__Task goal__. Please restate the listing word for word, omitting the images.

__Data provided__.
☆ ☆ ☆

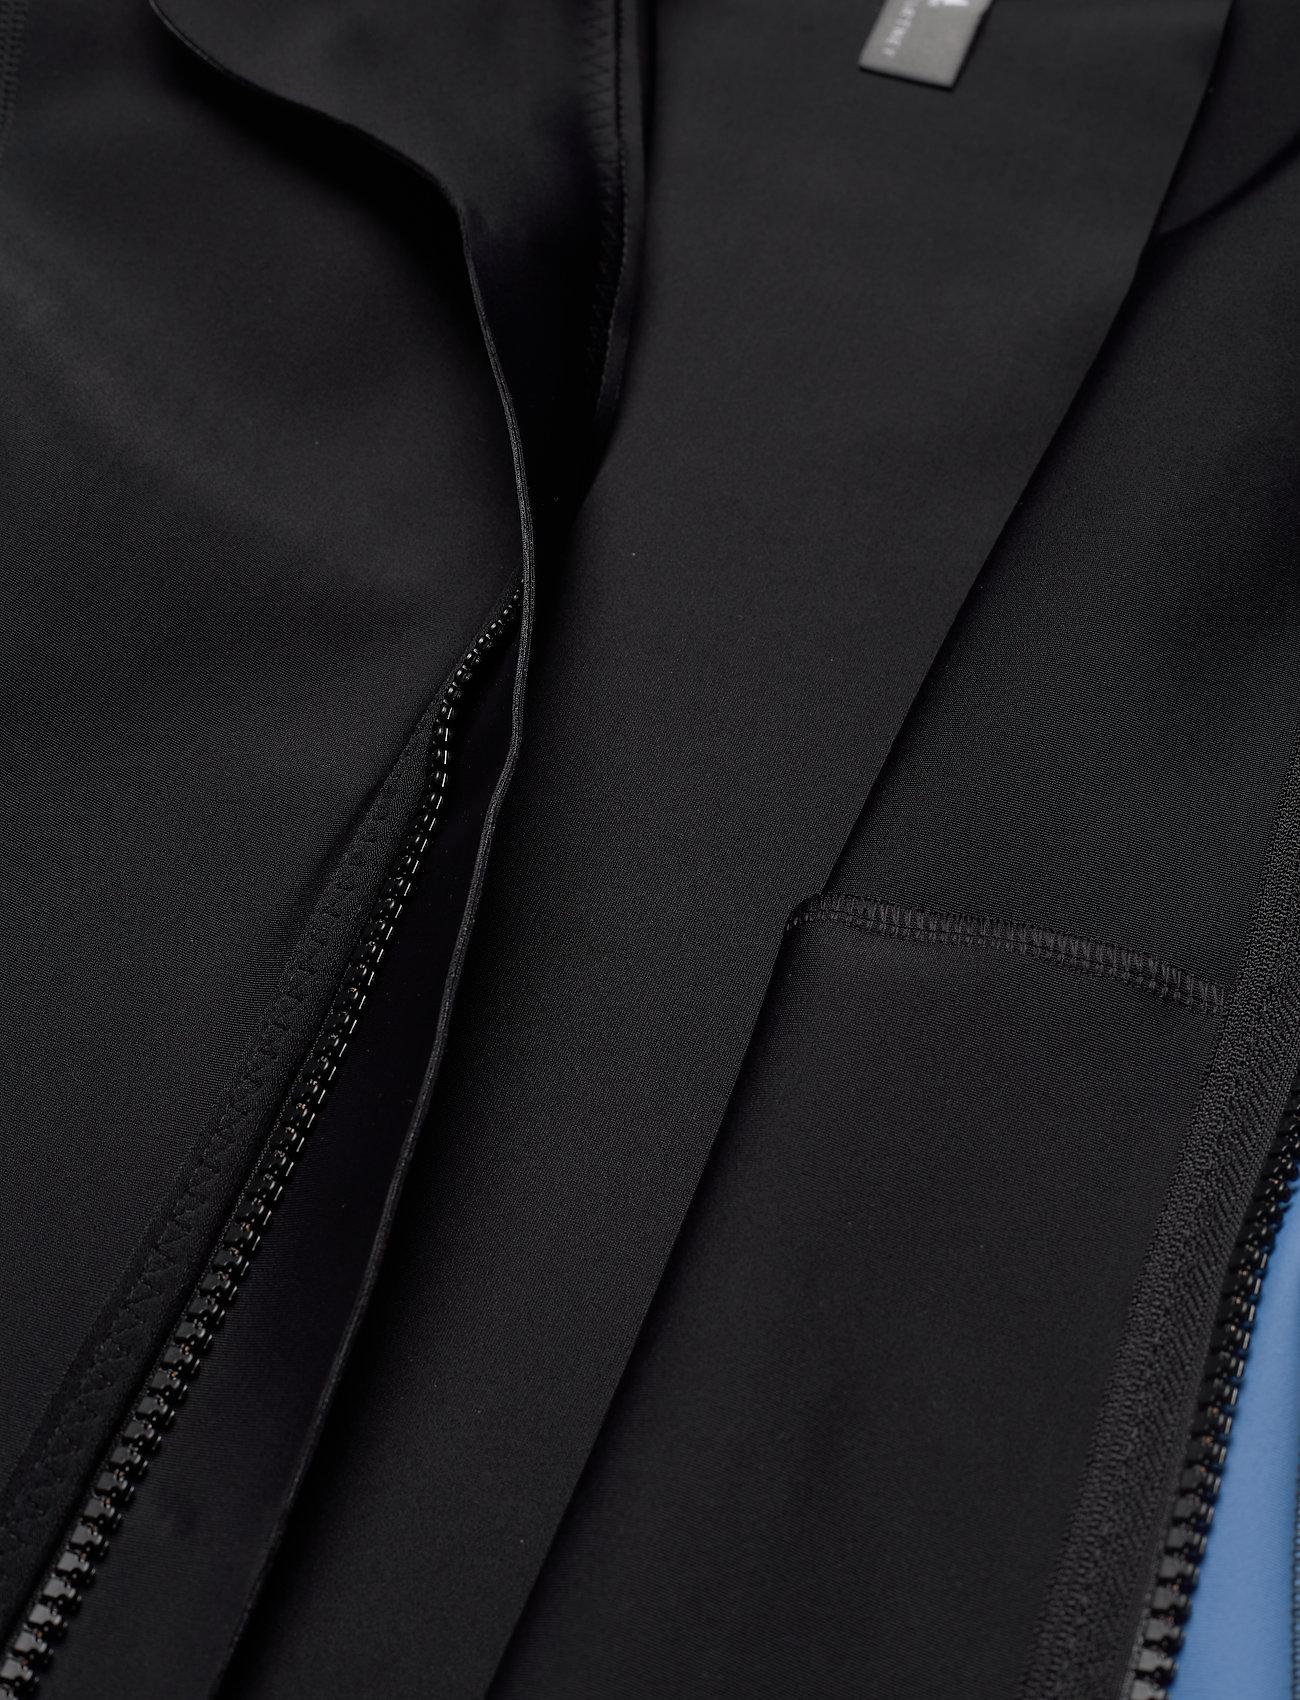 adidas by Stella McCartney - BeachDefender Midlayer Jacket W - sweatshirts & hoodies - black/stoblu - 8
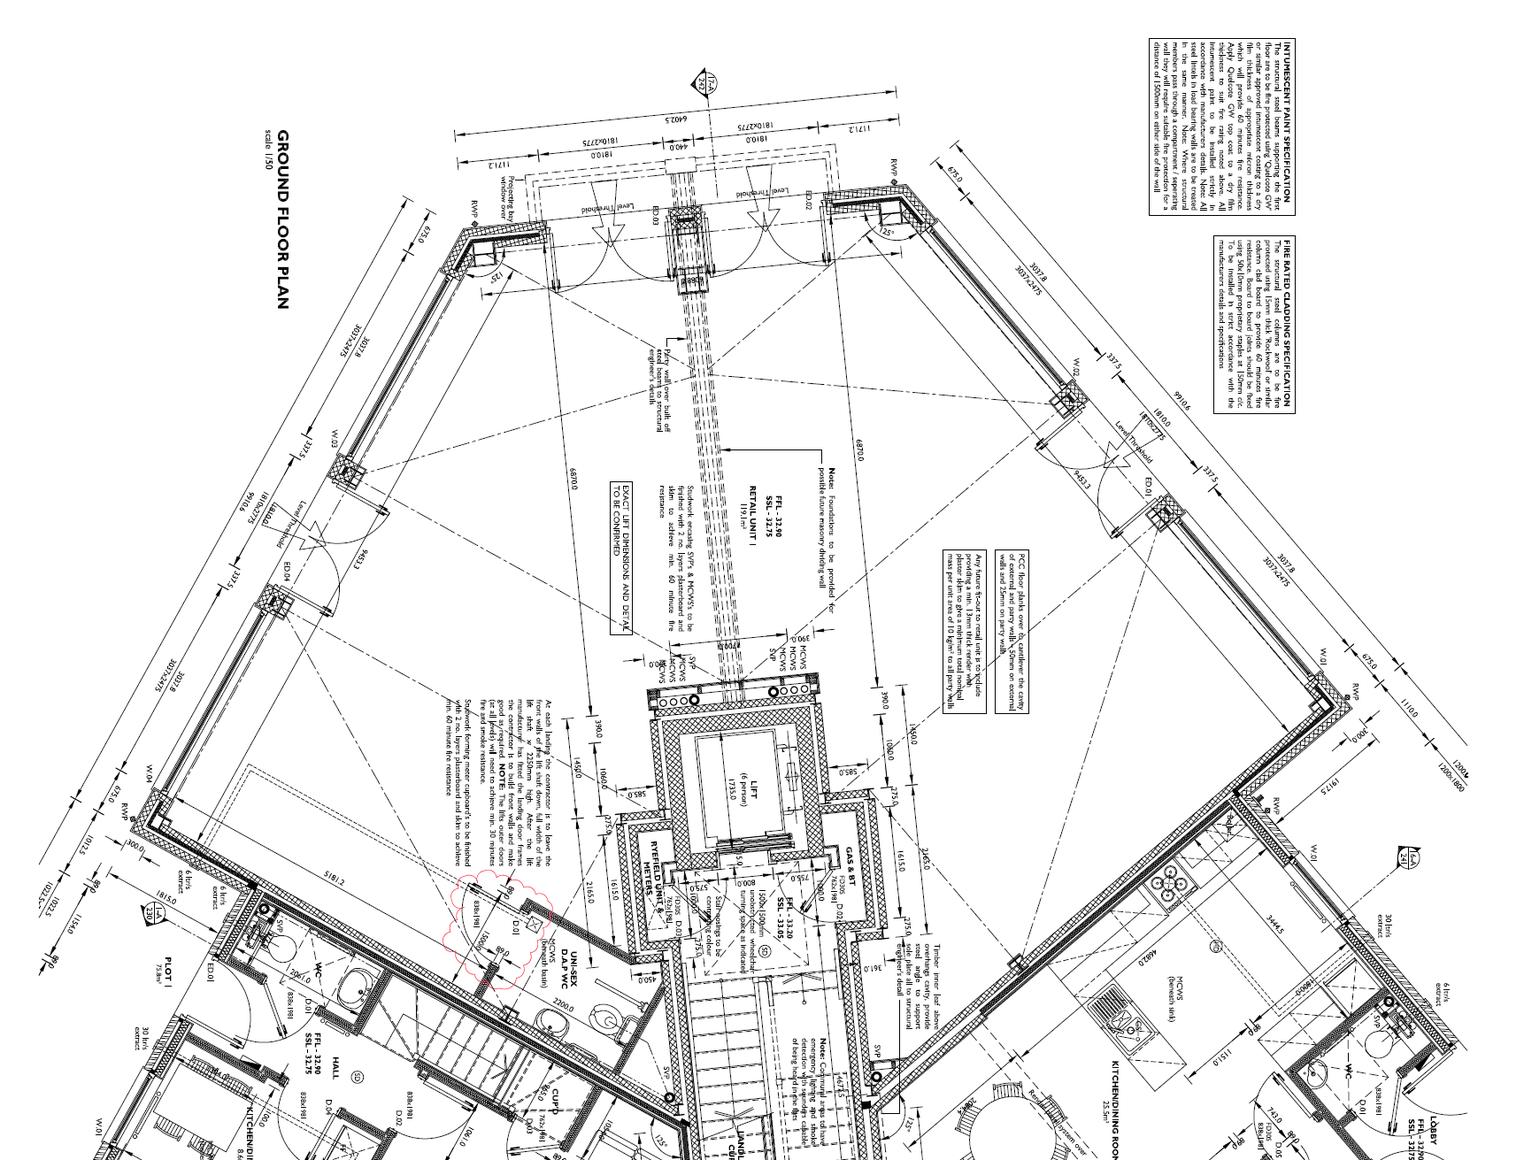 Floorplan for 21 and 23 Summer House Terrace, Yeovil
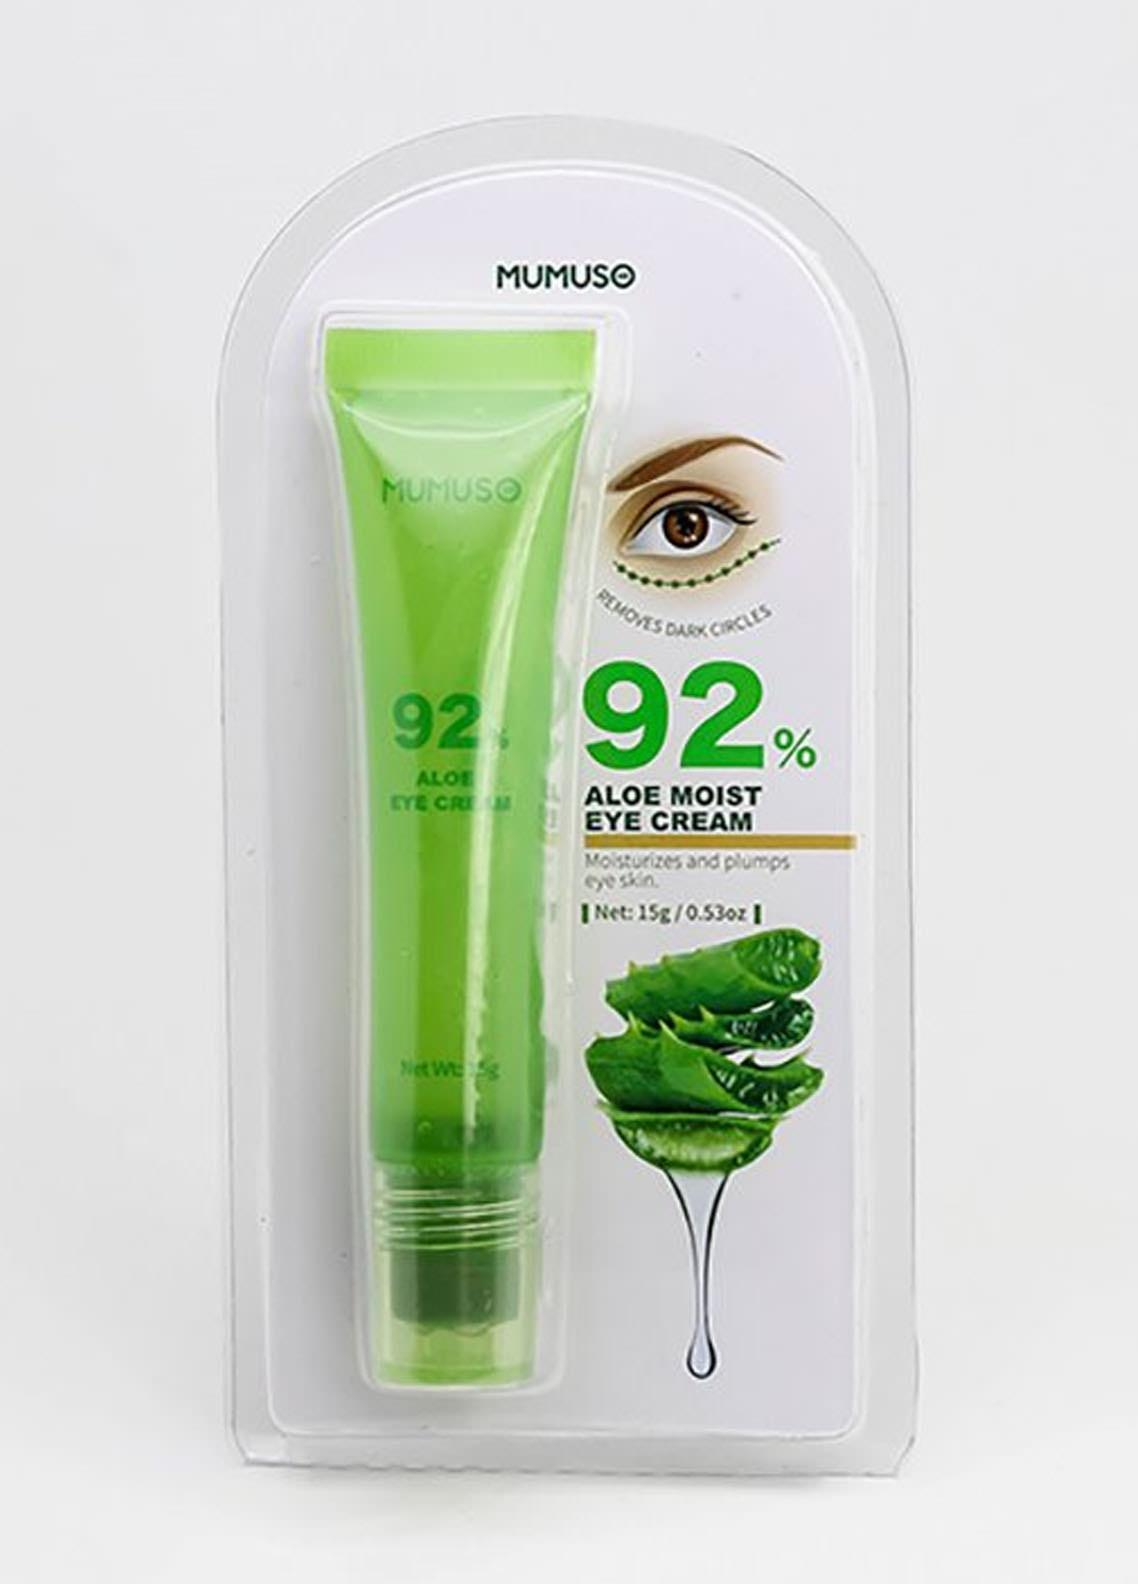 Mumuso Aloe Eye Cream
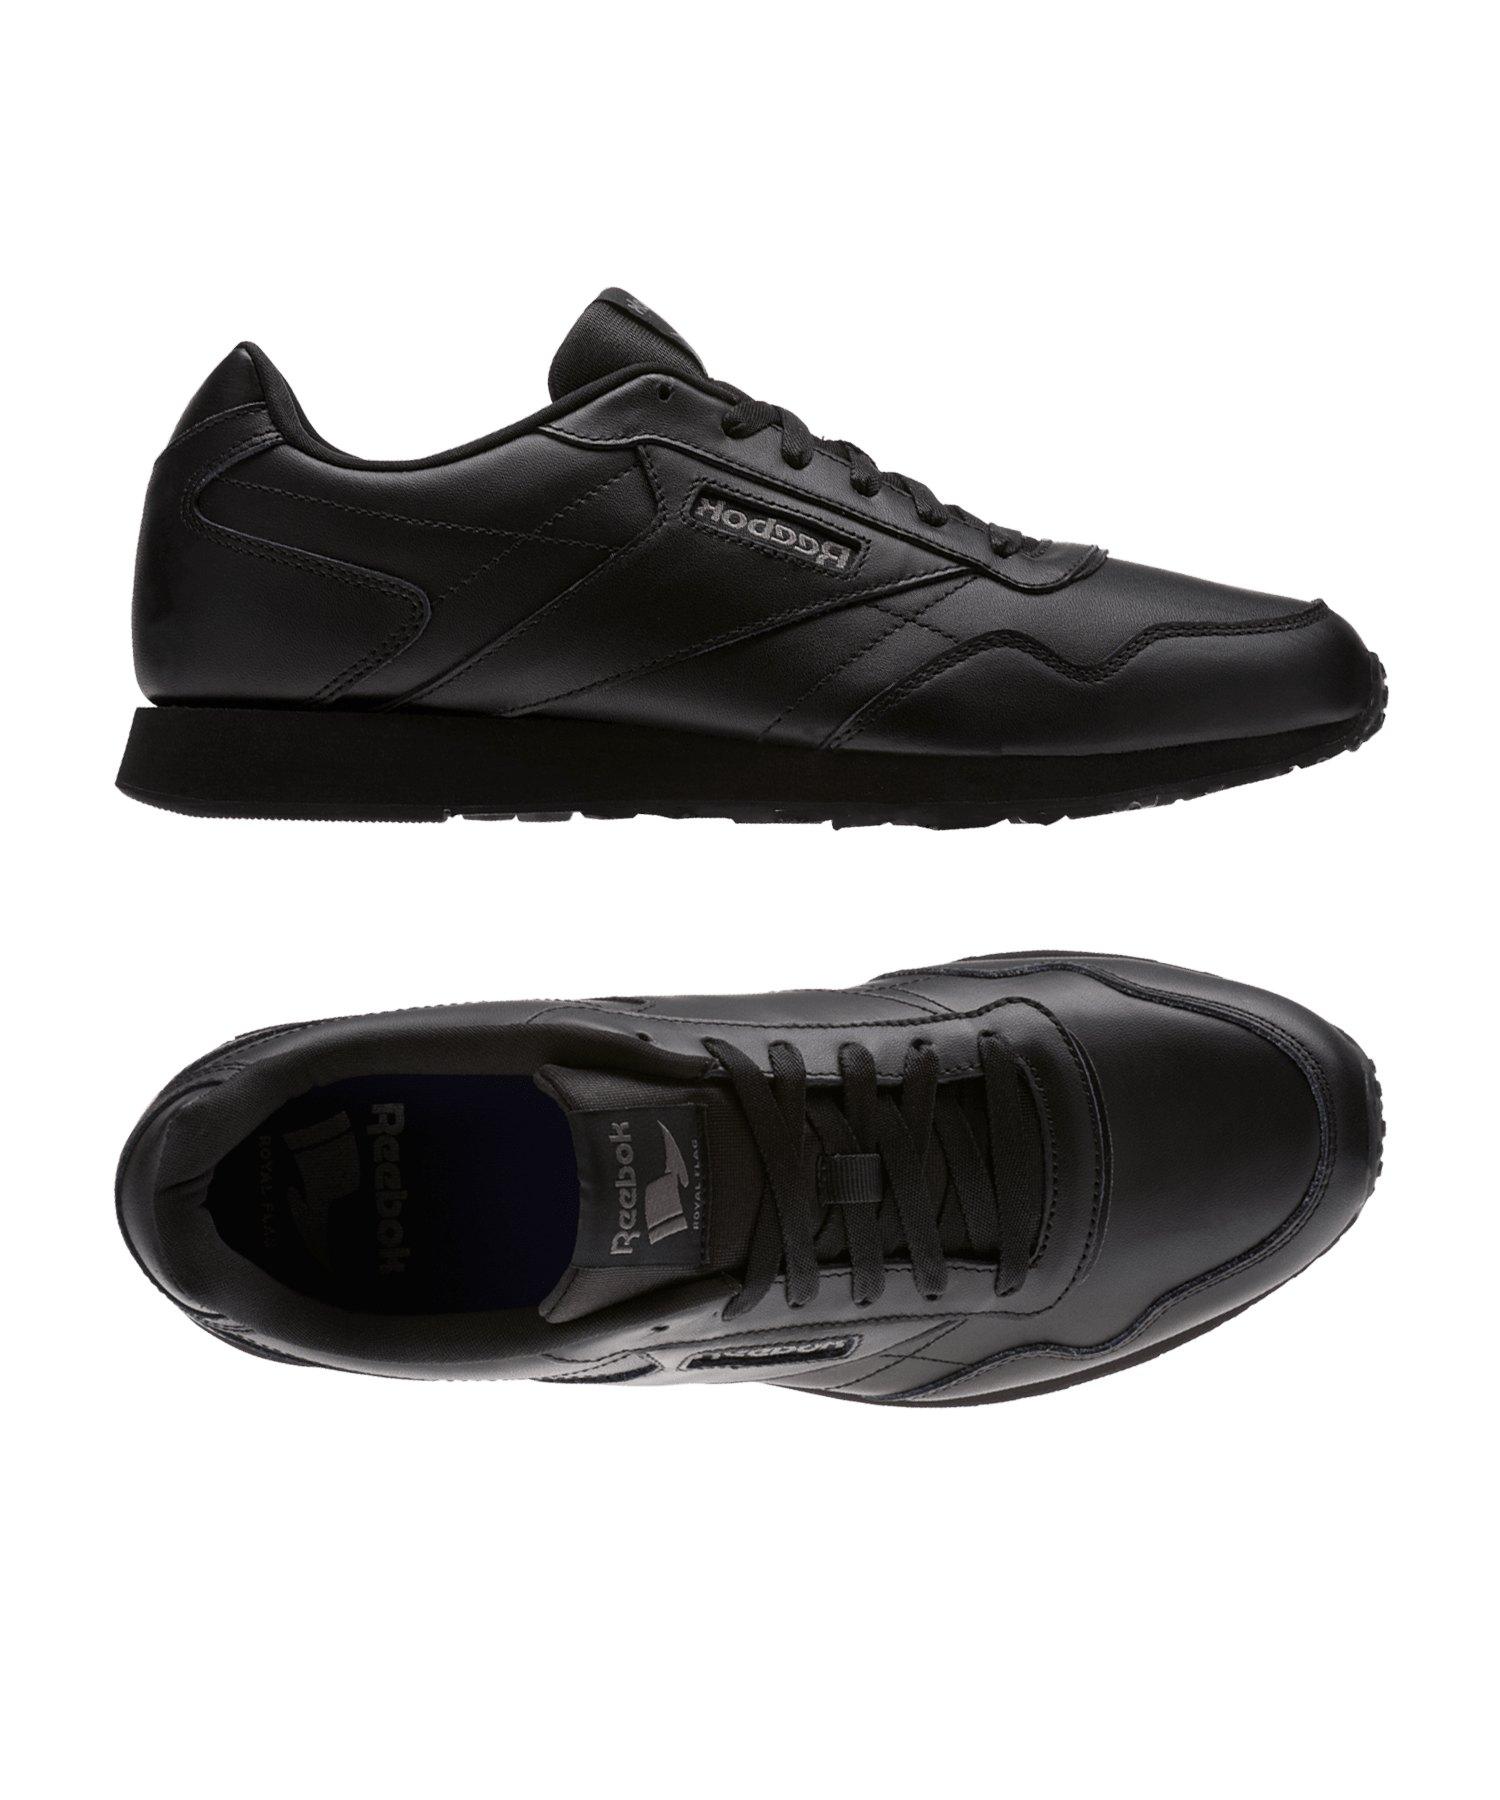 Reebok Royal Glide LX Sneaker Schwarz - schwarz

☆ ☆ ☆

__The completed task__.
 adidas by Stella McCartney - BeachDefender Midlayer Jacket W - sweatshirts & hoodies - black/stoblu - 8
 Floorplan for 21 and 23 Summer House Terrace, Yeovil
 Mumuso Aloe Eye Cream
 Reebok Royal Glide LX Sneaker Schwarz - schwarz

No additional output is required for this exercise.